Other than its duties in case of a default, a trustee is not obligated to exercise any of the rights or powers that it will have under the Indenture at the request or direction of any holders, unless the holders offer the trustee reasonable security or indemnity. If they provide this reasonable security or indemnity, the holders of a majority in aggregate principal amount of any series of Debt Securities may, subject to certain limitations, direct the time, method and place of conducting any proceeding for any remedy available to a trustee, or exercising any trust or power conferred upon a trustee, for any series of Debt Securities.
The Company will be required to furnish to the trustees a statement annually as to its compliance with all conditions and covenants under the Indenture and, if the Company is not in compliance, the Company must specify any defaults. The Company will also be required to notify the trustees as soon as practicable upon becoming aware of any event of default.
No holder of a Debt Security of any series will have any right to institute any proceeding with respect to the Indenture, or for the appointment of a receiver or a trustee, or for any other remedy, unless:
    the holder has previously given to the trustees written notice of a continuing event of default with respect to the Debt Securities of the affected series;
 
    the holders of at least 25% in principal amount of the outstanding Debt Securities of the series affected by an event of default have made a written request, and the holders have offered reasonable indemnity, to the trustees to institute a proceeding as trustees; and
 
    the trustees have failed to institute a proceeding, and have not received from the holders of a majority in aggregate principal amount of the outstanding Debt Securities of the series affected by an event of default a direction inconsistent with the request, within 60 days after receipt of the holders’ notice, request and offer of indemnity.

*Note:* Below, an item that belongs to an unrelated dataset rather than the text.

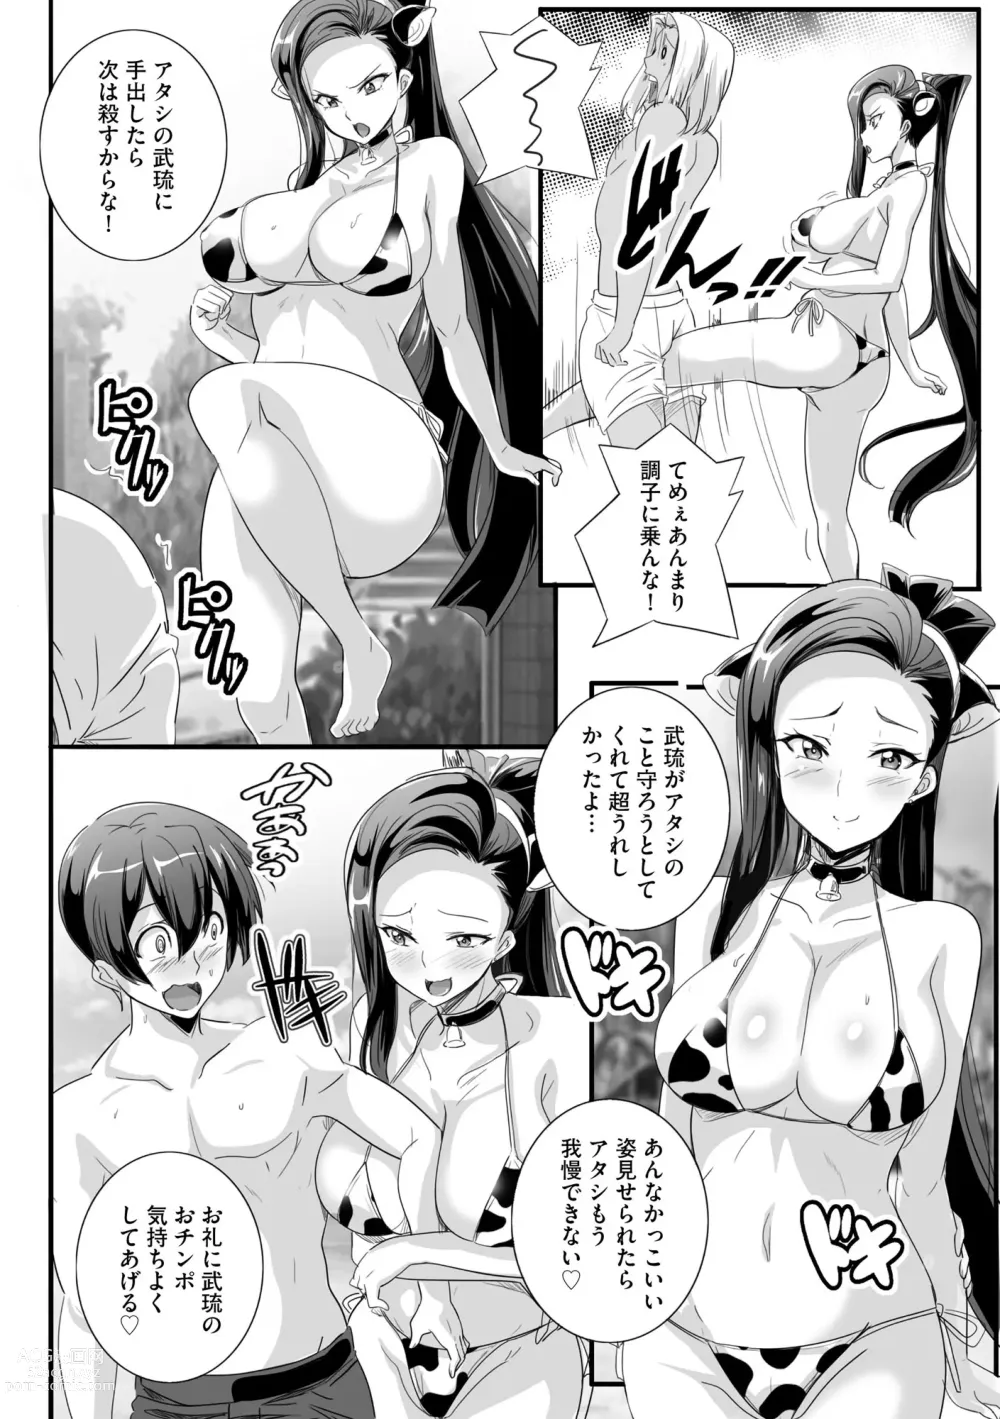 Page 14 of manga Cyberia Plus Vol. 13

However, such above-mentioned limitations do not apply to a suit instituted by the holder of a Debt Security for the enforcement of payment of the principal of or any premium, if any, or interest on such Debt Security on or after the applicable due date specified in such Debt Security.
Defeasance
When the Company uses the term “defeasance”, it means discharge from its obligations with respect to any Debt Securities of or within a series under the Indenture. Unless otherwise specified in the applicable Prospectus Supplement, if the Company deposits with a trustee cash, government securities or a combination thereof sufficient to pay the principal, interest, if any, premium, if any, and any other sums due to the stated maturity date or a redemption date of the Debt Securities of a series, then at the Company’s option:
    the Company will be discharged from the obligations with respect to the Debt Securities of that series; or
 
    the Company will no longer be under any obligation to comply with certain restrictive covenants under the Indenture and certain events of default will no longer apply to the Company.
If this happens, the holders of the Debt Securities of the affected series will not be entitled to the benefits of the Indenture except for registration of transfer and exchange of Debt Securities and the replacement of lost, stolen, destroyed or mutilated Debt Securities. These holders may look only to the deposited fund for payment on their Debt Securities.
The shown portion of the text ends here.